On Wed, Jun 29, 2022 at 02:24:35PM +0200, Jan Klemkow wrote:
> Hi,
>
> This diff introduces the sending side of TSO to our TCP/IP stack.
> If the hardware has TSO capabilities tcp_output() will send huge TCP
> segments down the stack to the interface. ip{6}_output() will ignore
> the size is greater then eny MTU in this case.
>
> I tested it with IPv4, IPv6 and VLAN. VLAN sending is not offloaded
> now, because this interface does not inherited the TSO capability.
> I will do this in a later diff.
>
> If you have an ix(4) NIC of 82599 or newer, just enable TSO with
> ifconfig(8):
>
> # ifconfig ix0 tso
>
> Thanks for testing,
> Jan
A few comments below:
> Index: netinet/tcp_input.c
> ===================================================================
> RCS file: /mount/openbsd/cvs/src/sys/netinet/tcp_input.c,v
> retrieving revision 1.375
> diff -u -p -r1.375 tcp_input.c
> --- netinet/tcp_input.c 4 Jan 2022 06:32:39 -0000 1.375
> +++ netinet/tcp_input.c 28 Jun 2022 17:12:43 -0000
> @@ -2851,6 +2851,15 @@ tcp_mss(struct tcpcb *tp, int offer)

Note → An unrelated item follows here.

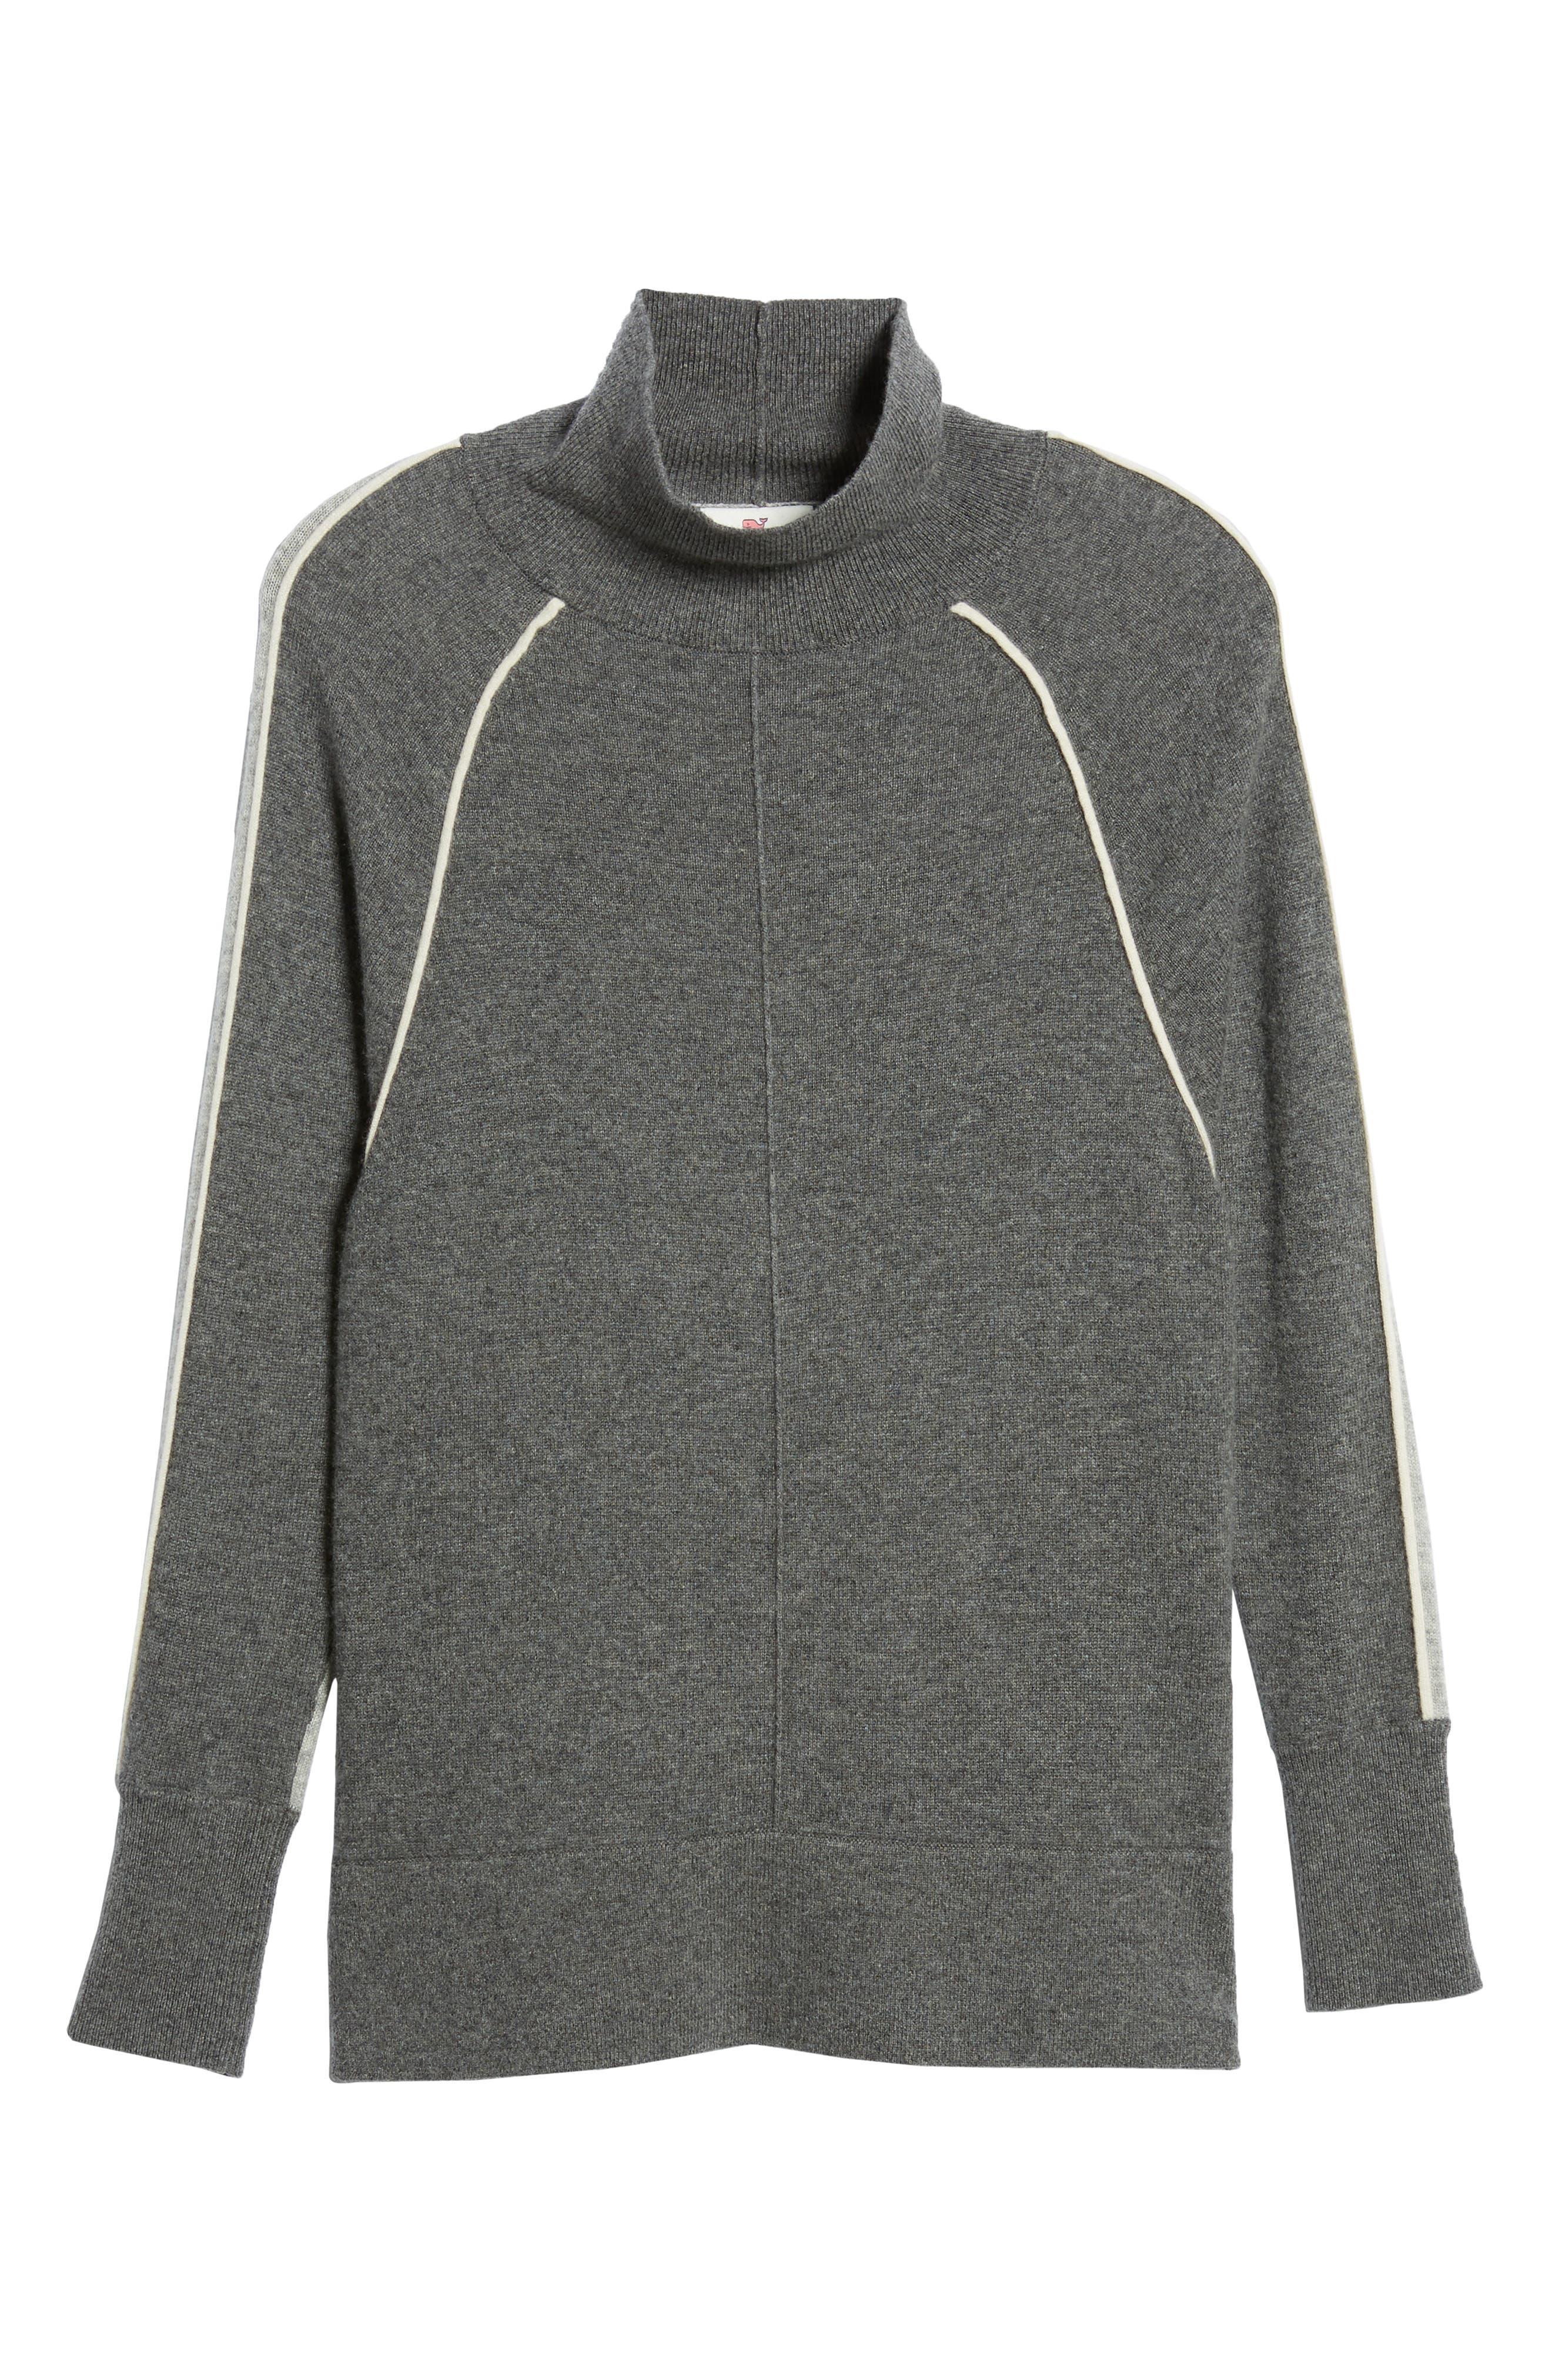 Raglan Sleeve Cashmere Turtleneck,                             Alternate thumbnail 6, color,                             061

> mssopt = ifp->if_mtu - iphlen - sizeof(struct tcphdr);
> mssopt = max(tcp_mssdflt, mssopt);
> }
> +
> + if (ISSET(ifp->if_xflags, IFXF_TSO)) {
> + tp->t_flags |= TF_TSO;
> +
> + if (ifp->if_hw_tsomax < MAXMCLBYTES)
> + tp->t_tsomax = ifp->if_hw_tsomax;
> + else
> + tp->t_tsomax = MAXMCLBYTES;
> + }
Why is there a limit on MAXMCLBYTES? I guess the card must support chained
buffers because a 64k mbuf is not linearly mapped.
> out:
> if_put(ifp);
> /*
> Index: sys/mbuf.h
> ===================================================================
> RCS file: /mount/openbsd/cvs/src/sys/sys/mbuf.h,v
> retrieving revision 1.254
> diff -u -p -r1.254 mbuf.h
> --- sys/mbuf.h 14 Feb 2022 04:33:18 -0000 1.254
> +++ sys/mbuf.h 28 Jun 2022 17:29:00 -0000
> @@ -133,6 +133,7 @@ struct pkthdr {
> u_int16_t ph_flowid; /* pseudo unique flow id */
> u_int16_t csum_flags; /* checksum flags */
> u_int16_t ether_vtag; /* Ethernet 802.1p+Q vlan tag */
> + u_int16_t ph_mss; /* max. seg. size. */
> u_int ph_rtableid; /* routing table id */
> u_int ph_ifidx; /* rcv interface index */
> u_int8_t ph_loopcnt; /* mbuf is looping in kernel */
Please move the two u_int fields above the u_int16_t block so that the
pkthdr packs nicely. You add a 5th uint16_t and so that would insert an
extra pad.
> @@ -226,13 +227,14 @@ struct mbuf {
> #define M_IPV6_DF_OUT 0x1000 /* don't fragment outgoing IPv6
> */
> #define M_TIMESTAMP 0x2000 /* ph_timestamp is set */
> #define M_FLOWID 0x4000 /* ph_flowid is set */
> +#define M_TCP_TSO 0x8000 /* TCP Segmentation Offload
> needed */
>
> #ifdef _KERNEL
> #define MCS_BITS \
> ("\20\1IPV4_CSUM_OUT\2TCP_CSUM_OUT\3UDP_CSUM_OUT\4IPV4_CSUM_IN_OK" \
> "\5IPV4_CSUM_IN_BAD\6TCP_CSUM_IN_OK\7TCP_CSUM_IN_BAD\10UDP_CSUM_IN_OK" \
>
> "\11UDP_CSUM_IN_BAD\12ICMP_CSUM_OUT\13ICMP_CSUM_IN_OK\14ICMP_CSUM_IN_BAD" \
> - "\15IPV6_NODF_OUT" "\16TIMESTAMP" "\17FLOWID")
> + "\15IPV6_NODF_OUT" "\16TIMESTAMP" "\17FLOWID" "\20TCP_TSO")
> #endif
>
> /* mbuf types */
>
What does happen when pf reroutes the packets to a non TSO capable
interface? I think this should be done like HW CSUM offloading where the
stack fixies up packets in ip_output() when it realizes that the HW does
not support it. Only then this becomes generally more usable.
Also doing TSO LSO in ip_output would allow to use LRO / LSO in forwarding
and in many more places. It will also improve performance since we can
batch send TCP packets.
--
:wq Claudio